WHAT YOU ARE ASKED TO DO:
Return each line exactly, beginning with the one that has "Theroux and Aniston" and finishing with the final line of the material. Drop any pictures.

RAW DATA:
Content starts
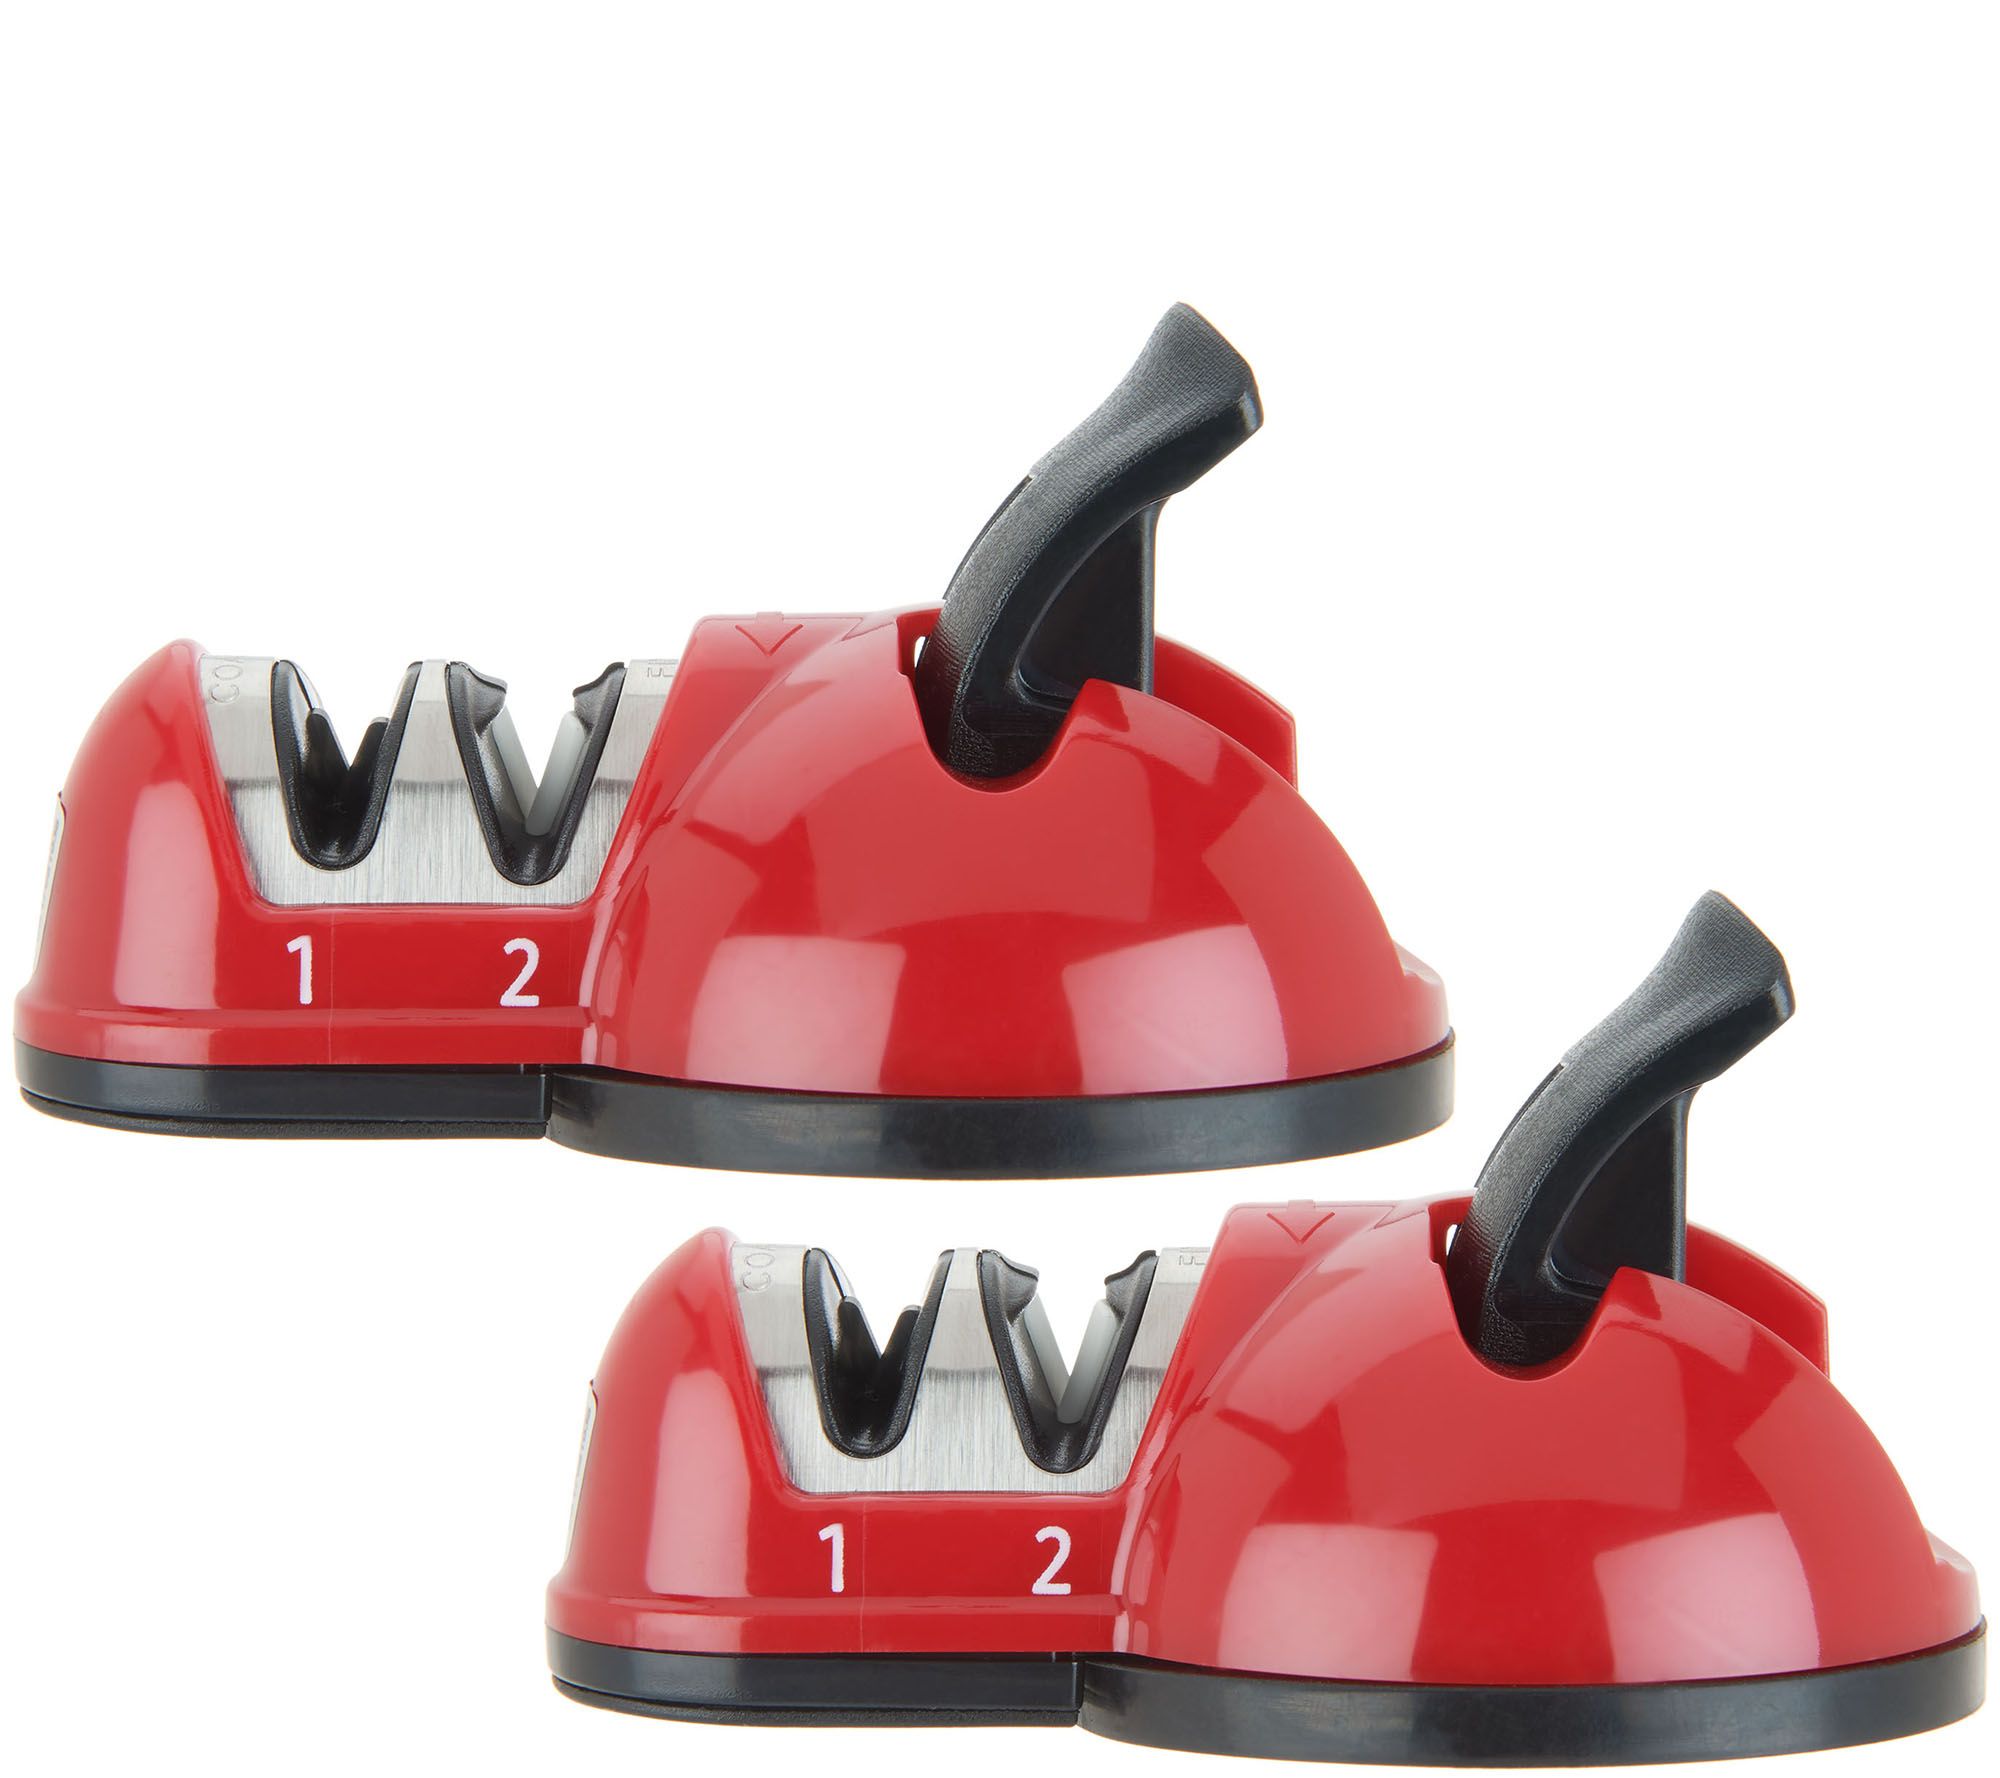 Chefologist Set of (3) 3-Stage Mini Knife Sharpener w/ Gift Boxes on QVC 
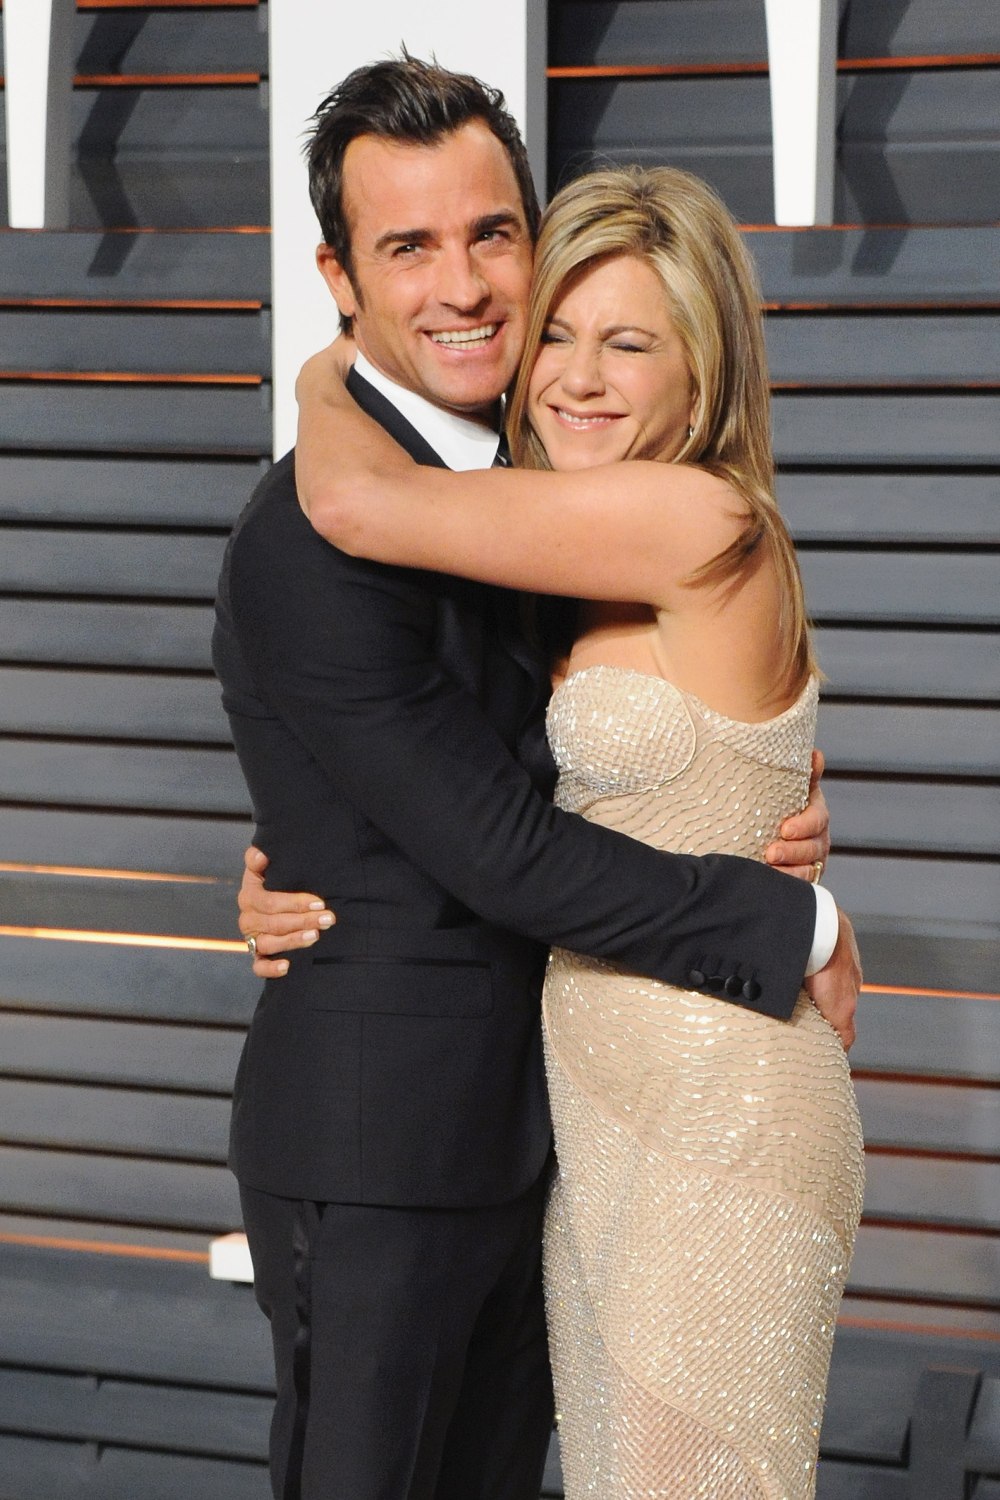 Theroux and Aniston
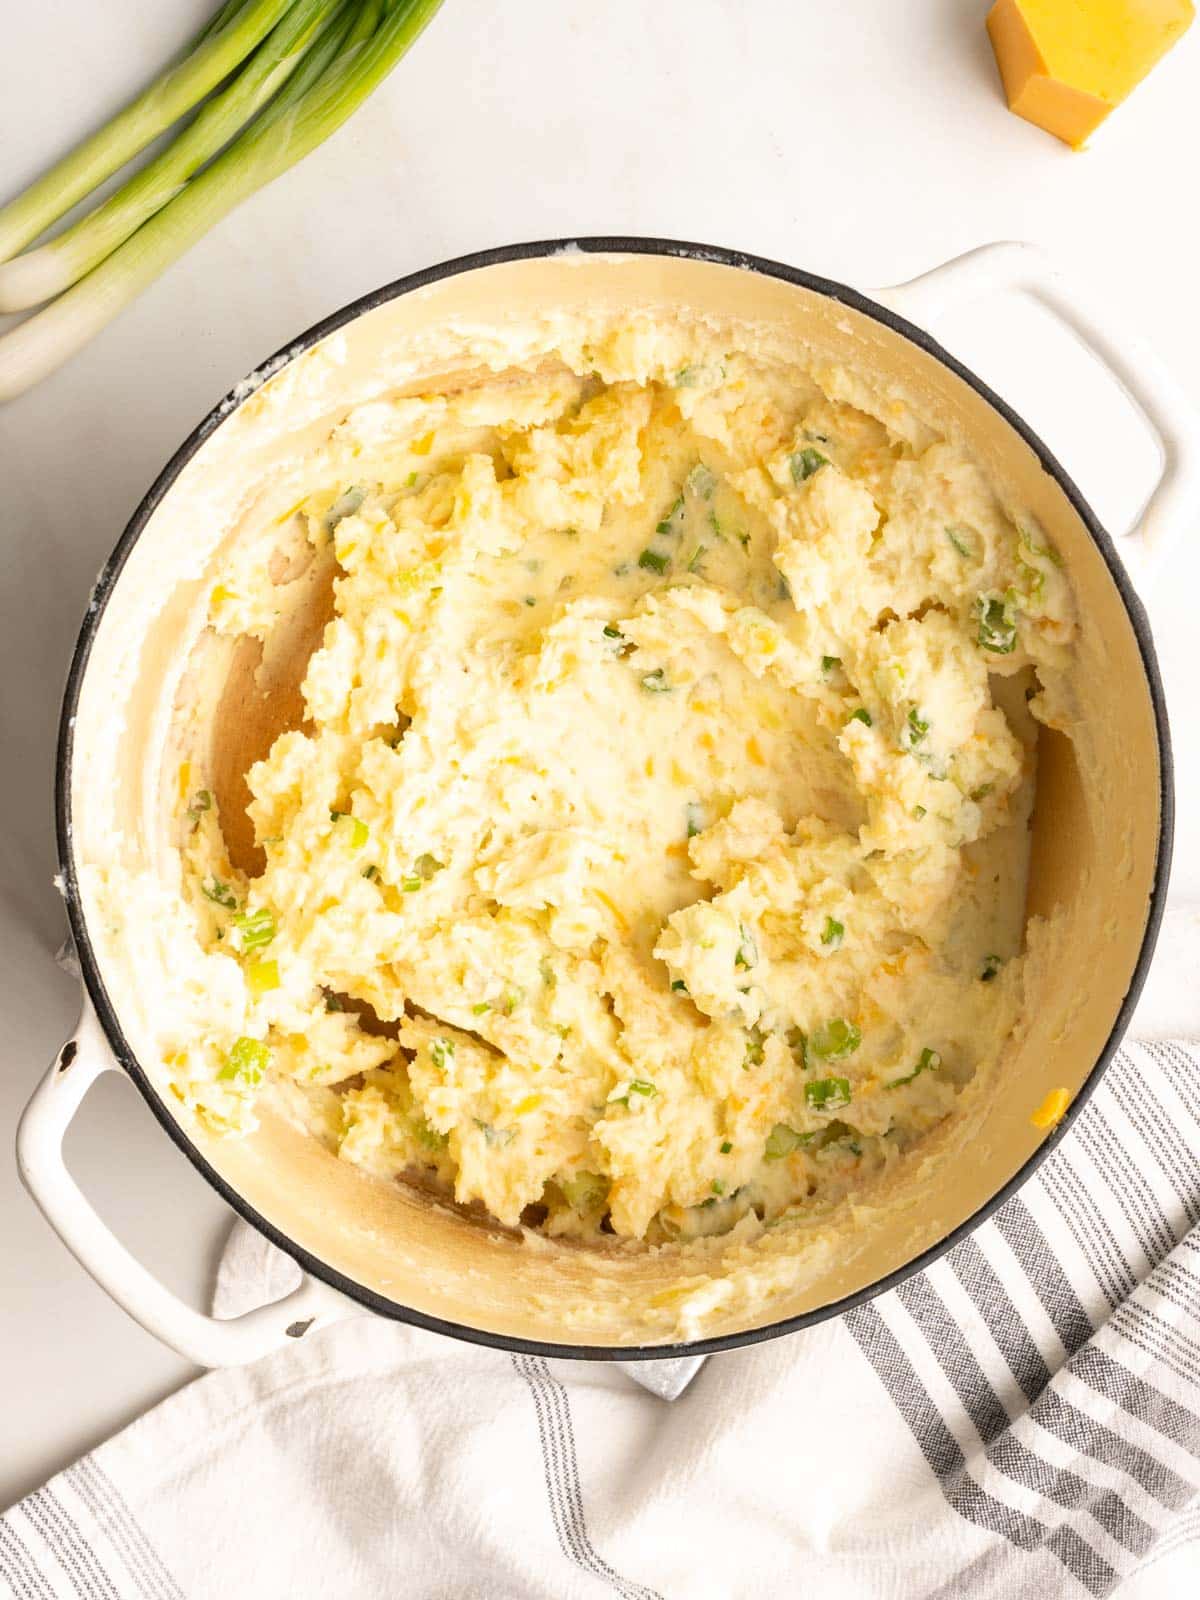 Mashed potatoes with green onion.
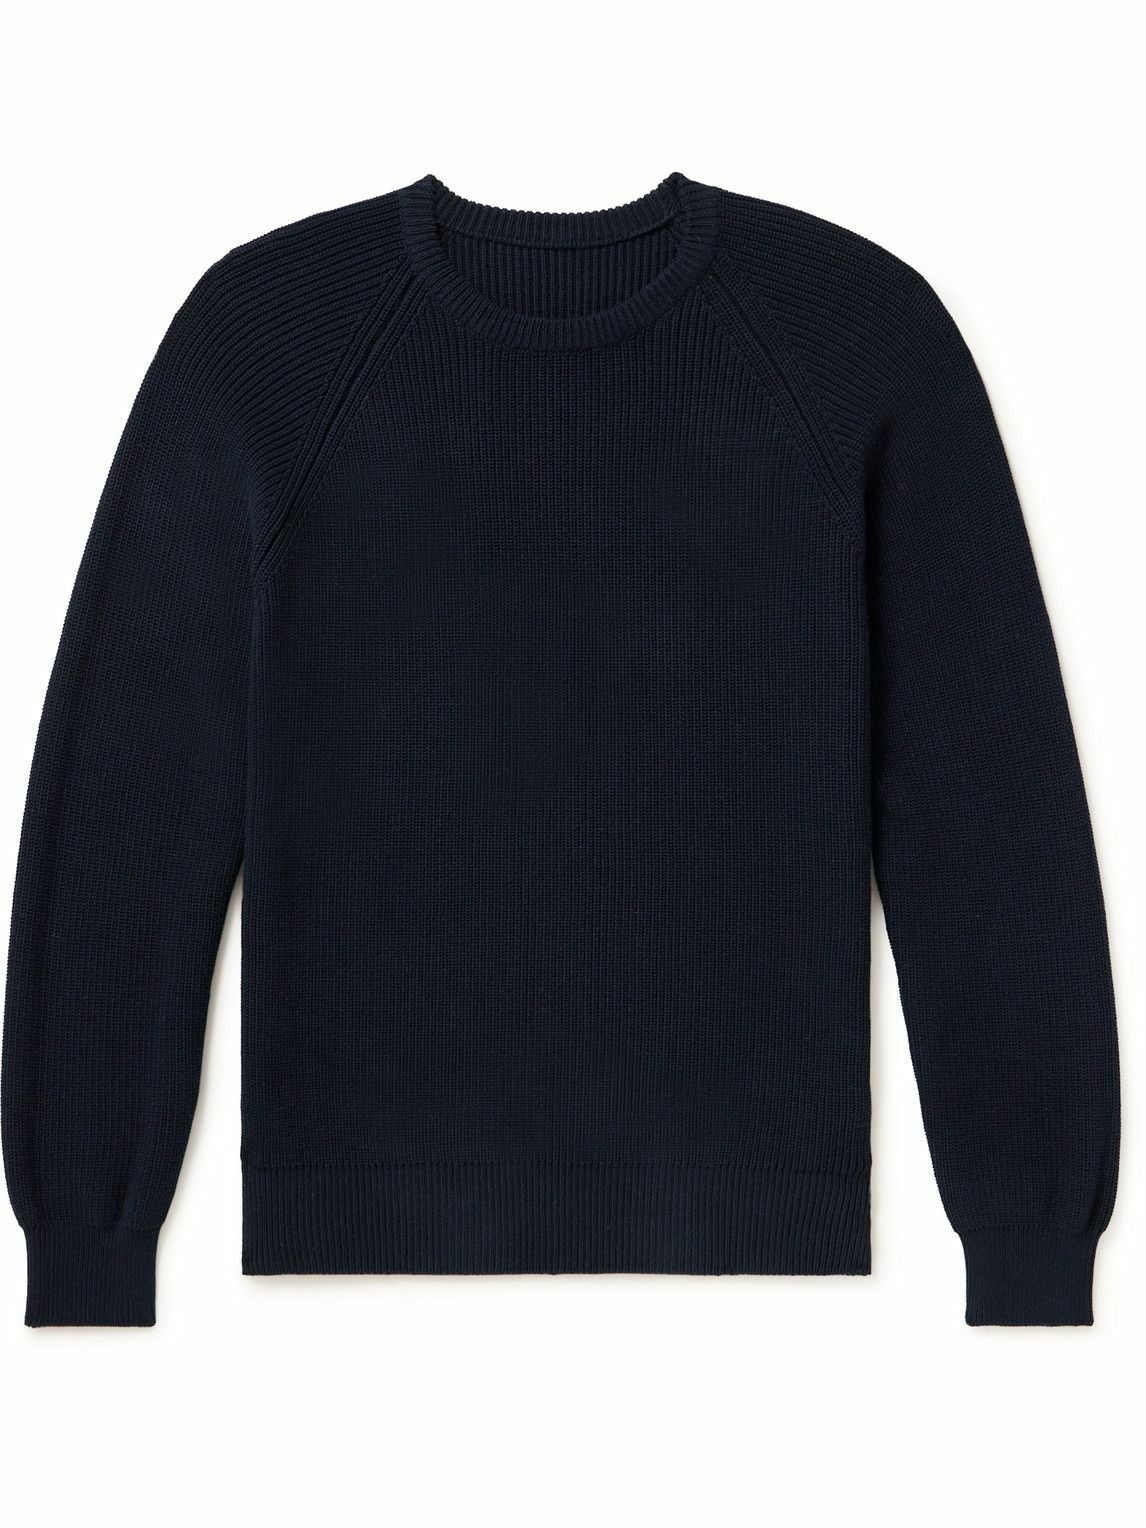 Anderson & Sheppard - Ribbed Cotton Sweater - Blue Anderson & Sheppard
Content ends
SOLUTION FOR THIS EXERCISE:
 Theroux and Aniston
 Mashed potatoes with green onion.
 Anderson & Sheppard - Ribbed Cotton Sweater - Blue Anderson & Sheppard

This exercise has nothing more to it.